● TASK TO COMPLETE
Return, exactly and in full, the lines of the records below starting at the one with "film the mask full movie" and ending at the one with "Contacter le Camping", and no other lines.

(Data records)
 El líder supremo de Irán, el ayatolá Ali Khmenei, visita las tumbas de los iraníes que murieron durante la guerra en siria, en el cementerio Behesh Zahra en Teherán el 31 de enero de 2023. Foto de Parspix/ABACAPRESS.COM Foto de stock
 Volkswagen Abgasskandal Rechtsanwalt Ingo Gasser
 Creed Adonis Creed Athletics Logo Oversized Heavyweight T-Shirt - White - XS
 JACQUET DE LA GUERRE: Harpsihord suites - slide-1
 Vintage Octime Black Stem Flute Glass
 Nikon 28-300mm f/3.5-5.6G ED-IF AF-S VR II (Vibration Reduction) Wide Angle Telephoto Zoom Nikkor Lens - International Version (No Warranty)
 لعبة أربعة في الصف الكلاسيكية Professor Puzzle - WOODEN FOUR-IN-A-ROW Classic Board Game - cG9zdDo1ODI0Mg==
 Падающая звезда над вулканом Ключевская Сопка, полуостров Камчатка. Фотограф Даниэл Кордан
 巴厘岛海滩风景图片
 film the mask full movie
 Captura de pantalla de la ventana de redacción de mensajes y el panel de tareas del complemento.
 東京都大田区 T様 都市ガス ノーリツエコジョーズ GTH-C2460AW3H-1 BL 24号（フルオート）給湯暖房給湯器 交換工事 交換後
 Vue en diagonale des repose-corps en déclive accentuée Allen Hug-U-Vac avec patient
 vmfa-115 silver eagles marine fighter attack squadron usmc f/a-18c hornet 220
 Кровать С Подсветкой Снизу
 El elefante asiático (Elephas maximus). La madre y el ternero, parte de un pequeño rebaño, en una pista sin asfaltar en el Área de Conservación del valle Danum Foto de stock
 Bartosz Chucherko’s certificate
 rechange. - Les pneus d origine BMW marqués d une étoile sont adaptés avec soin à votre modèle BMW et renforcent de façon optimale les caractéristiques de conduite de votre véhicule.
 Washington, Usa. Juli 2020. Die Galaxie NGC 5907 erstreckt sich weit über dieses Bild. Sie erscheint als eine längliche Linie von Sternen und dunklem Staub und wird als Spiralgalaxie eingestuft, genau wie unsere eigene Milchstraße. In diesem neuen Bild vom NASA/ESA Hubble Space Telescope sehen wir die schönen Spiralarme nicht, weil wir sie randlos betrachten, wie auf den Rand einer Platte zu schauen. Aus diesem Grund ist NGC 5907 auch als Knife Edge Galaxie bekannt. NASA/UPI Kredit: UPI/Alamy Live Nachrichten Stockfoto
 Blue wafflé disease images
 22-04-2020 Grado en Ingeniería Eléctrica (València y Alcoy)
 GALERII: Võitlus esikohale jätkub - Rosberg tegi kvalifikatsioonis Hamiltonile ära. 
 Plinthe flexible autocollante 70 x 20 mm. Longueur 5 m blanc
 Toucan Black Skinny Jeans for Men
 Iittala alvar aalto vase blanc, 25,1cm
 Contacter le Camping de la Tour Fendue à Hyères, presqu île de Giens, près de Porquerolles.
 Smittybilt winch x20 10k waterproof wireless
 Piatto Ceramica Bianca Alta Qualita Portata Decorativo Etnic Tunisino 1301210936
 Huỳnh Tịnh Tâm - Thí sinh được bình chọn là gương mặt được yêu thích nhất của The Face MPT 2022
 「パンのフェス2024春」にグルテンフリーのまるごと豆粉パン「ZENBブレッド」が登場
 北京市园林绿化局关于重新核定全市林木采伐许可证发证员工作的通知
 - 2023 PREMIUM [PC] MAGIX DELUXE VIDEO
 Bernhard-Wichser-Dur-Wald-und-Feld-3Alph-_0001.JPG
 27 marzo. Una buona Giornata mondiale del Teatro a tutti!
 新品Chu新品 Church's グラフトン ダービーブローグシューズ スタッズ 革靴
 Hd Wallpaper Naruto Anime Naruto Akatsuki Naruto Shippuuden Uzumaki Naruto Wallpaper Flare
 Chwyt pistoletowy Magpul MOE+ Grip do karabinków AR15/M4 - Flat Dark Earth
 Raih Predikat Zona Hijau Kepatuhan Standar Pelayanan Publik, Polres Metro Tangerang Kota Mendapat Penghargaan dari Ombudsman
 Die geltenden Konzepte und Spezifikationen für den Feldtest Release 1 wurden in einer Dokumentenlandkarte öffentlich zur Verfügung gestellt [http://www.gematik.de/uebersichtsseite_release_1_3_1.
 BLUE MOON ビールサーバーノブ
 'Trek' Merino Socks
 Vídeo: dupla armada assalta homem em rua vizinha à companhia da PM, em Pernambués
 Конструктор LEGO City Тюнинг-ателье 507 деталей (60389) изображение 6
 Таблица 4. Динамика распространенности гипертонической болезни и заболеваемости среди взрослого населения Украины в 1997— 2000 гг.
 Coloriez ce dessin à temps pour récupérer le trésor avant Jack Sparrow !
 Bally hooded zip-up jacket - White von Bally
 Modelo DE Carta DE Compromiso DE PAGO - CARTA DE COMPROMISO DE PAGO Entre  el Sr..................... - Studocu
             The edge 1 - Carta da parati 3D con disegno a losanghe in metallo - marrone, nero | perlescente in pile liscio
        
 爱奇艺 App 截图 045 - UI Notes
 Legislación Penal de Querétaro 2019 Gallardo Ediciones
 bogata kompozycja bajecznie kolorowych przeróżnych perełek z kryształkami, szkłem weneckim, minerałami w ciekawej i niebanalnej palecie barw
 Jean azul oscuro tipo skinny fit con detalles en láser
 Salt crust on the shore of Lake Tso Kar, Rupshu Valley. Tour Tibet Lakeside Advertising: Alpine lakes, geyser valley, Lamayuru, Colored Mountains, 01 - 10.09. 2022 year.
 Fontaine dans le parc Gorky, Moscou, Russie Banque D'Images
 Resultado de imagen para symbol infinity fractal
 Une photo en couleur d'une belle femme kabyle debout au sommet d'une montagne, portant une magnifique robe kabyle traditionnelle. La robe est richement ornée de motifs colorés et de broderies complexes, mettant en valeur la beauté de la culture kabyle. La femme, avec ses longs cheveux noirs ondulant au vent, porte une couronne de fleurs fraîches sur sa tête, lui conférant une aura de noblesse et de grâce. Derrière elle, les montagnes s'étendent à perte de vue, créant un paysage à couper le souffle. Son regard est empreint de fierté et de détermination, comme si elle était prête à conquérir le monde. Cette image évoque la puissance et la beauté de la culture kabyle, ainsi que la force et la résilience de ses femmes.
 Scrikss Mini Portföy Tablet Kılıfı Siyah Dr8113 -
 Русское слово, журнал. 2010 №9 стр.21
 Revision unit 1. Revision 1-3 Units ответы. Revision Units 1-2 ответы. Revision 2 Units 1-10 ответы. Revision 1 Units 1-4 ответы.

● RESULT OF THIS EXERCISE
 film the mask full movie
 Captura de pantalla de la ventana de redacción de mensajes y el panel de tareas del complemento.
 東京都大田区 T様 都市ガス ノーリツエコジョーズ GTH-C2460AW3H-1 BL 24号（フルオート）給湯暖房給湯器 交換工事 交換後
 Vue en diagonale des repose-corps en déclive accentuée Allen Hug-U-Vac avec patient
 vmfa-115 silver eagles marine fighter attack squadron usmc f/a-18c hornet 220
 Кровать С Подсветкой Снизу
 El elefante asiático (Elephas maximus). La madre y el ternero, parte de un pequeño rebaño, en una pista sin asfaltar en el Área de Conservación del valle Danum Foto de stock
 Bartosz Chucherko’s certificate
 rechange. - Les pneus d origine BMW marqués d une étoile sont adaptés avec soin à votre modèle BMW et renforcent de façon optimale les caractéristiques de conduite de votre véhicule.
 Washington, Usa. Juli 2020. Die Galaxie NGC 5907 erstreckt sich weit über dieses Bild. Sie erscheint als eine längliche Linie von Sternen und dunklem Staub und wird als Spiralgalaxie eingestuft, genau wie unsere eigene Milchstraße. In diesem neuen Bild vom NASA/ESA Hubble Space Telescope sehen wir die schönen Spiralarme nicht, weil wir sie randlos betrachten, wie auf den Rand einer Platte zu schauen. Aus diesem Grund ist NGC 5907 auch als Knife Edge Galaxie bekannt. NASA/UPI Kredit: UPI/Alamy Live Nachrichten Stockfoto
 Blue wafflé disease images
 22-04-2020 Grado en Ingeniería Eléctrica (València y Alcoy)
 GALERII: Võitlus esikohale jätkub - Rosberg tegi kvalifikatsioonis Hamiltonile ära. 
 Plinthe flexible autocollante 70 x 20 mm. Longueur 5 m blanc
 Toucan Black Skinny Jeans for Men
 Iittala alvar aalto vase blanc, 25,1cm
 Contacter le Camping de la Tour Fendue à Hyères, presqu île de Giens, près de Porquerolles.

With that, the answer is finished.